Dive Brief:
- Starbucks expects strong inventory levels ahead of the holidays after adding new suppliers and boosting production of oat milk, breakfast sandwiches, egg bites and other offerings, COO John Culver said in a Q4 earnings call.
- The coffee chain is working with suppliers "to invest in wage for their workers" to ensure factories are staffed, "and many of them have done so," Culver told Starbucks investors on the Oct. 28 call.
- The "headwinds on commodity pricing, challenges around transportation, and [issues] for our distributors and manufacturers to find labor to work in their factories and distribution centers" likely will continue into FY 2022, the Culver said.
Dive Insight:
Starbucks is closely monitoring inventory levels and its supplier network to ensure its cafes are stocked as customers return at record levels, CEO Kevin Johnson said on the call.
"We’re very confident that as we head into the holiday, our inventory position is very strong," Johnson said.
Prioritizing key holiday and Q1 merchandise helped Starbucks make "significant progress" on addressing supply chain issues, the CEO said. The company rolled out artificial intelligence to streamline ordering and inventory management, he said.
"We've really focused our production effort on high-volume items. In some of those lower volume items, we pull back on and deprioritize," Culver said. "We’re not out of the woods yet, but we feel very good about the path that we’re on."
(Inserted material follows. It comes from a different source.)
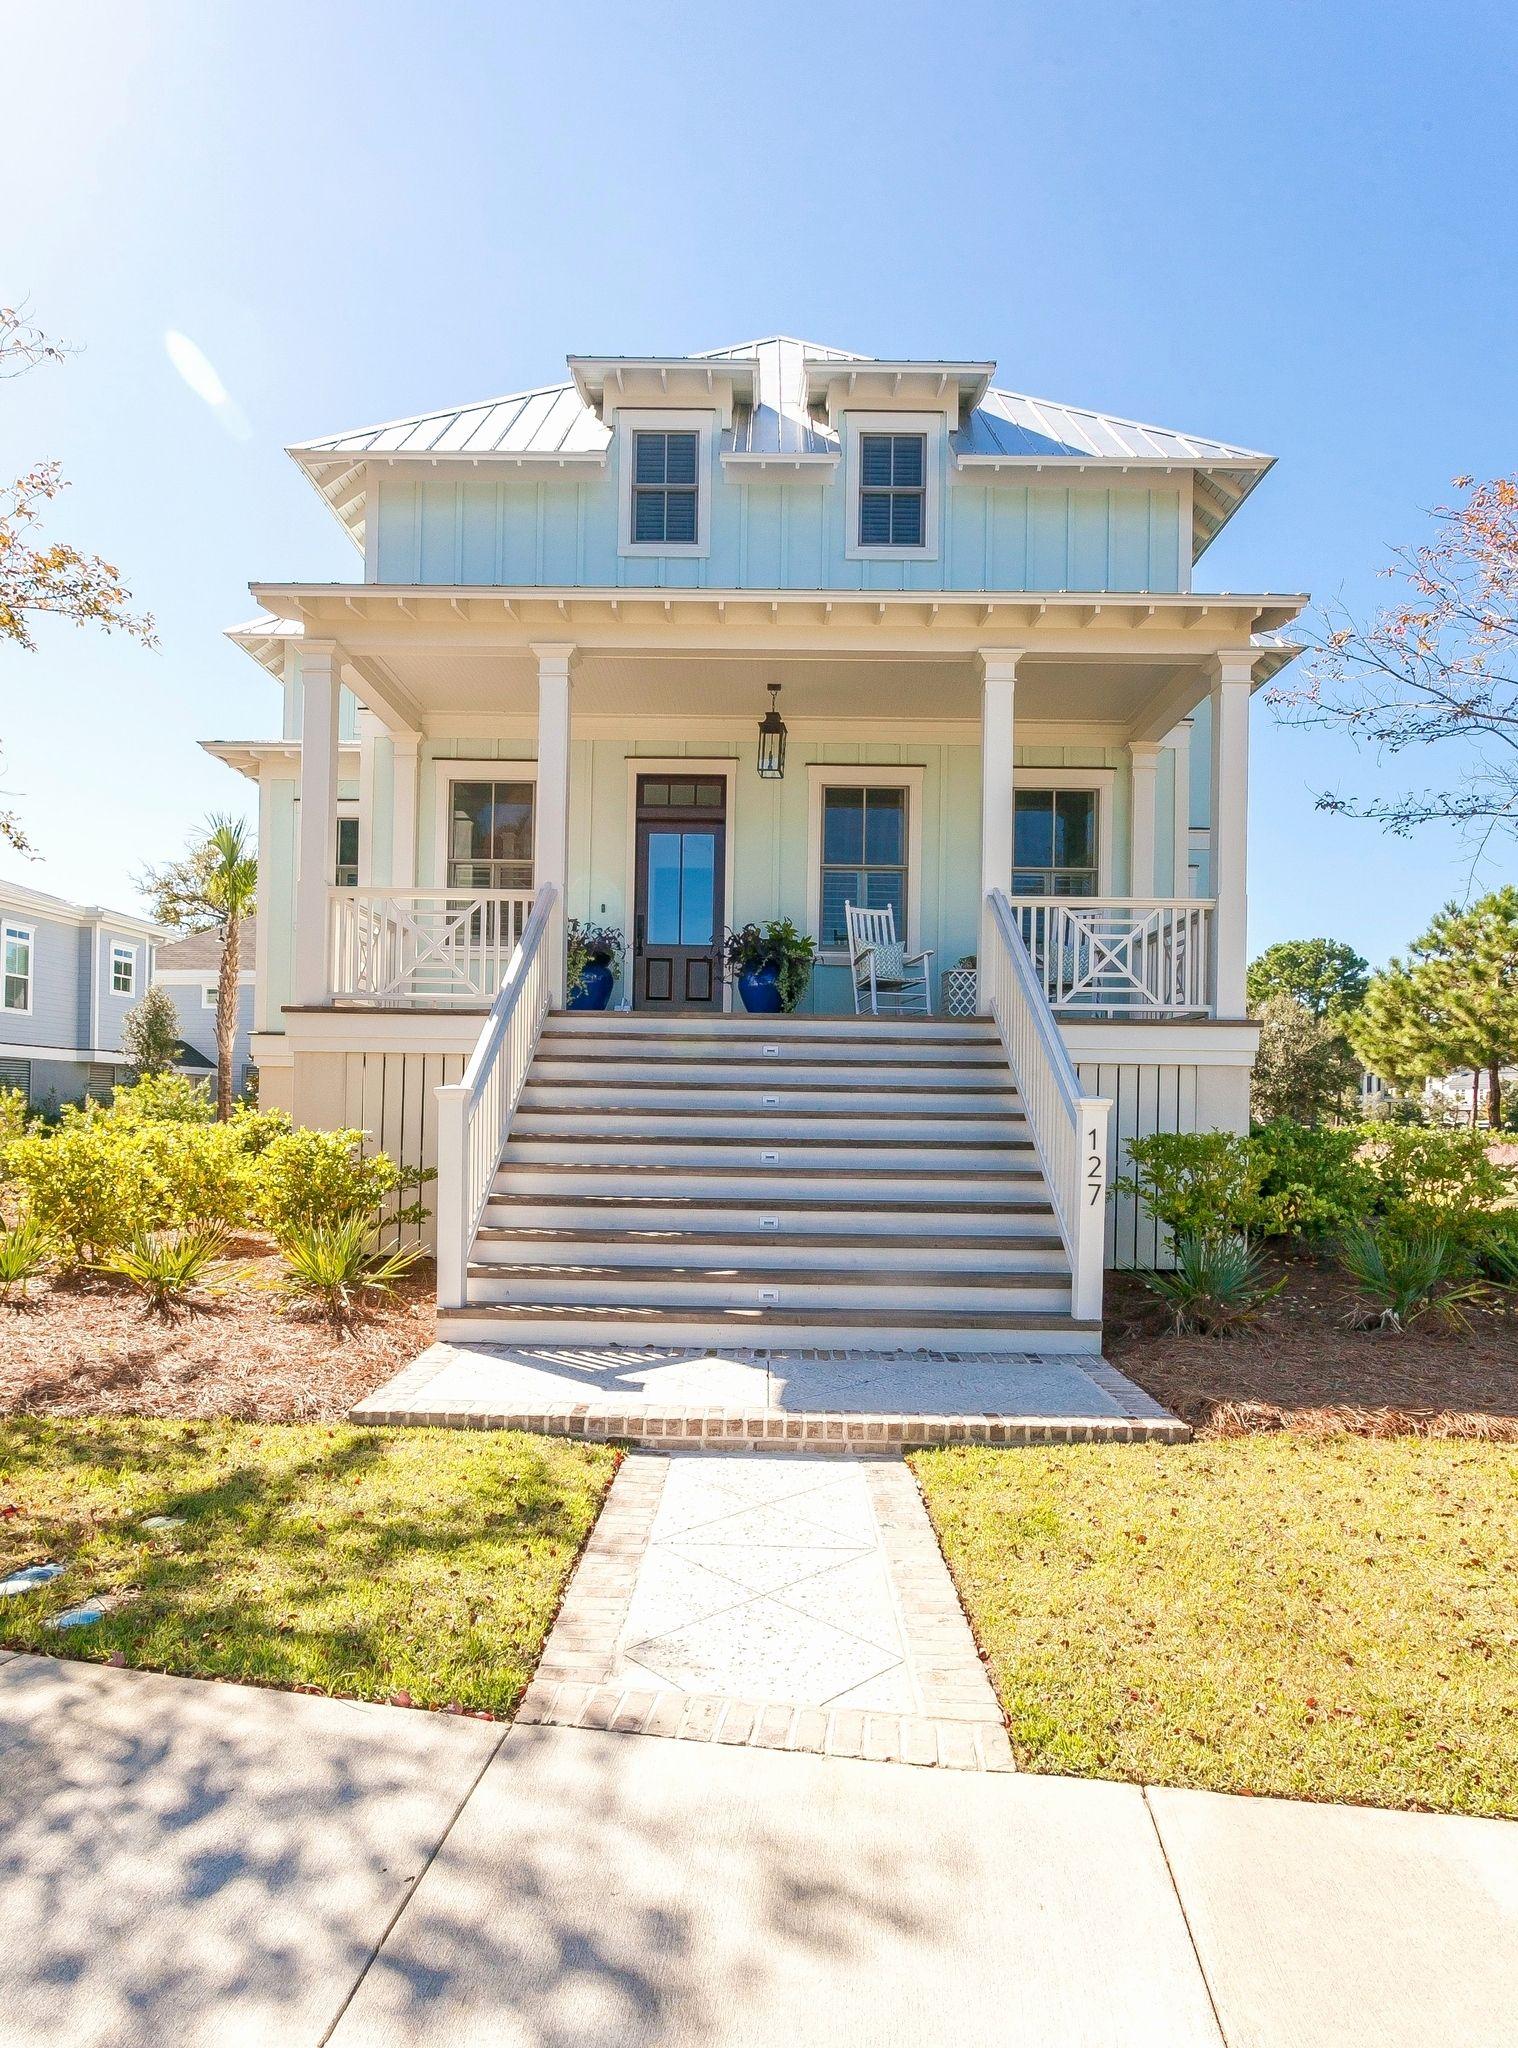 Image Result For Key West Style Stilt House Plans Cottage House Plans Coastal House Plans Narrow House Plans

Starbucks also locked in coffee prices for the next 14 months and has "several months of inventory in the warehouse," Johnson said.
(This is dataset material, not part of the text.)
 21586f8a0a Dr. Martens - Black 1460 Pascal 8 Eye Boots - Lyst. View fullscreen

But the chain is confronting the same inflationary pressures as McDonalds, whose executives expect commodities prices to stay up as much as 4% through the end of the year. The FAO Food Price Index, which measures monthly changes in food commodities prices, rose more than 31% YoY in October to its highest level in more than a decade.
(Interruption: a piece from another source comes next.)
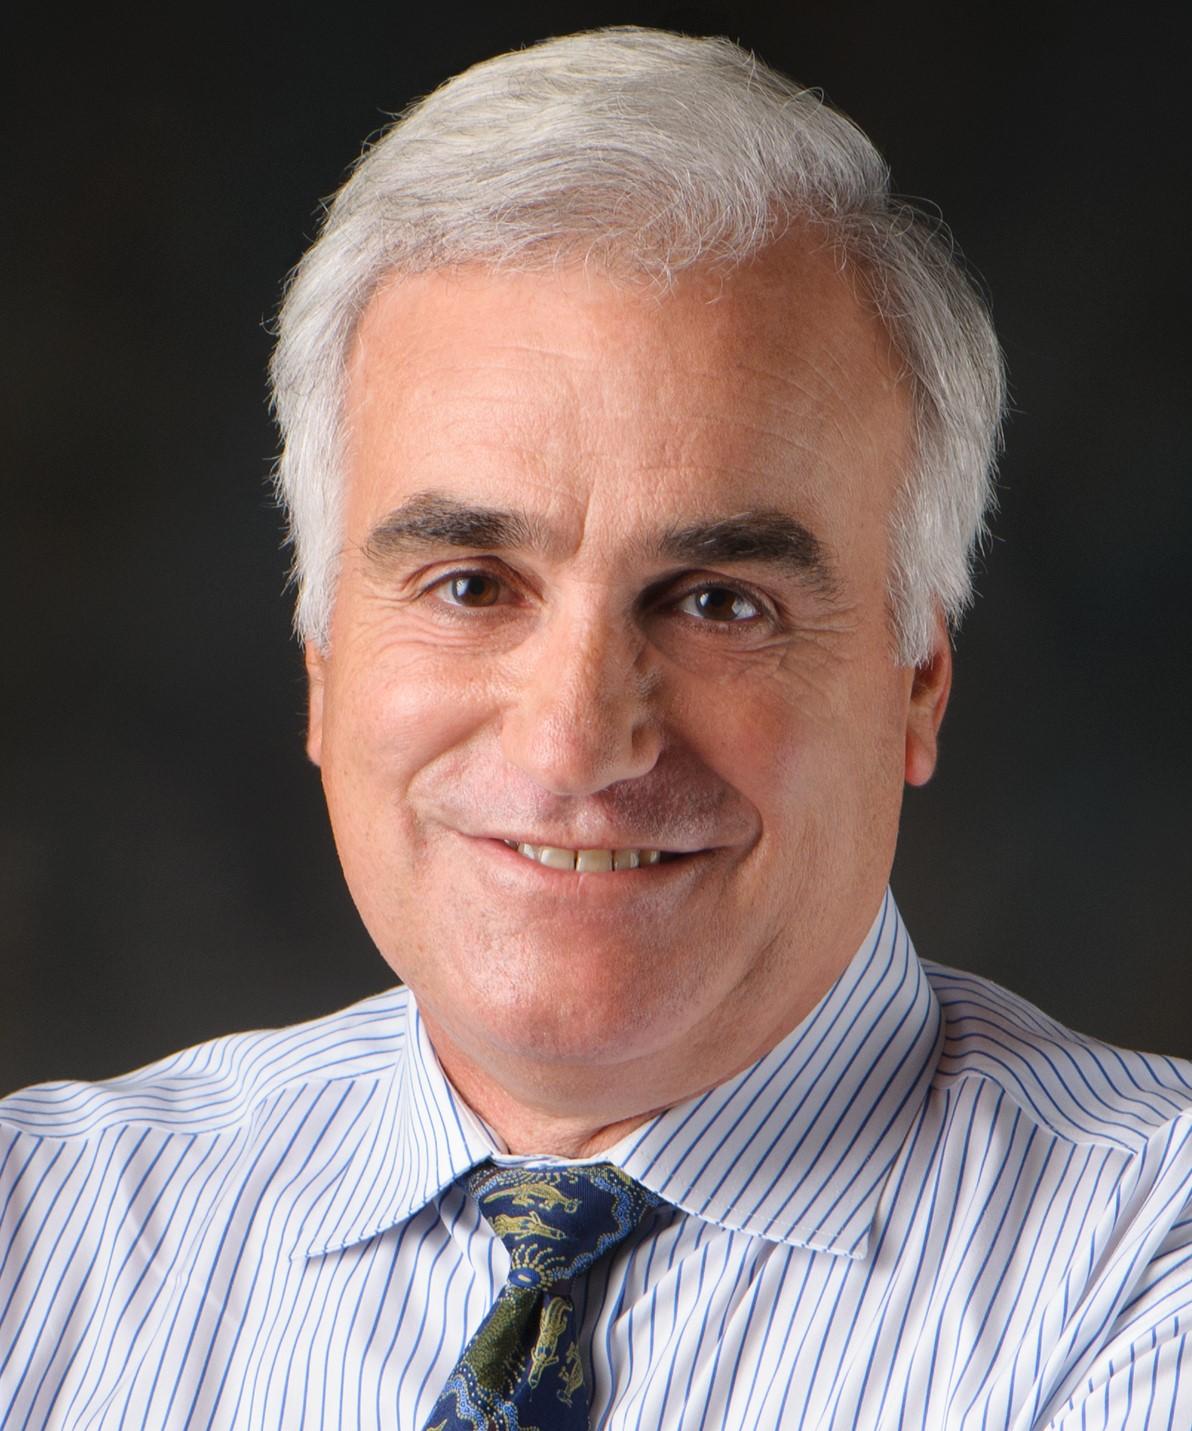 L. Jeffrey Medeiros, M.D.

Keurig Dr Pepper is passing on coffee commodity inflation to customers "immediately in the form of pricing in our owned and licensed brands," said CEO Robert Gamgort in a Q3 earnings call. "And we do think that's the right thing to do, given the inflation."
But commodities are far from the only inflated line item gulping coffee companies' budgets, Gamgort said.
"The inflation that the industry is seeing right now is way beyond commodities," he said. "It's packaging, it's labor, transportation. Some, if not most, of those cannot be hedged and are impossible to forecast. Everybody is getting exposed to a high level of inflation."
Starbucks CFO Rachel Ruggeri said she expects heightened logistics, labor and commodities costs to further impact the company’s margins at least through the first two quarters of 2022. "You really don't know ... when these inflationary pressures will subside," she acknowledged.
"Of course," Ruggeri warned investors on the call, "they could increase."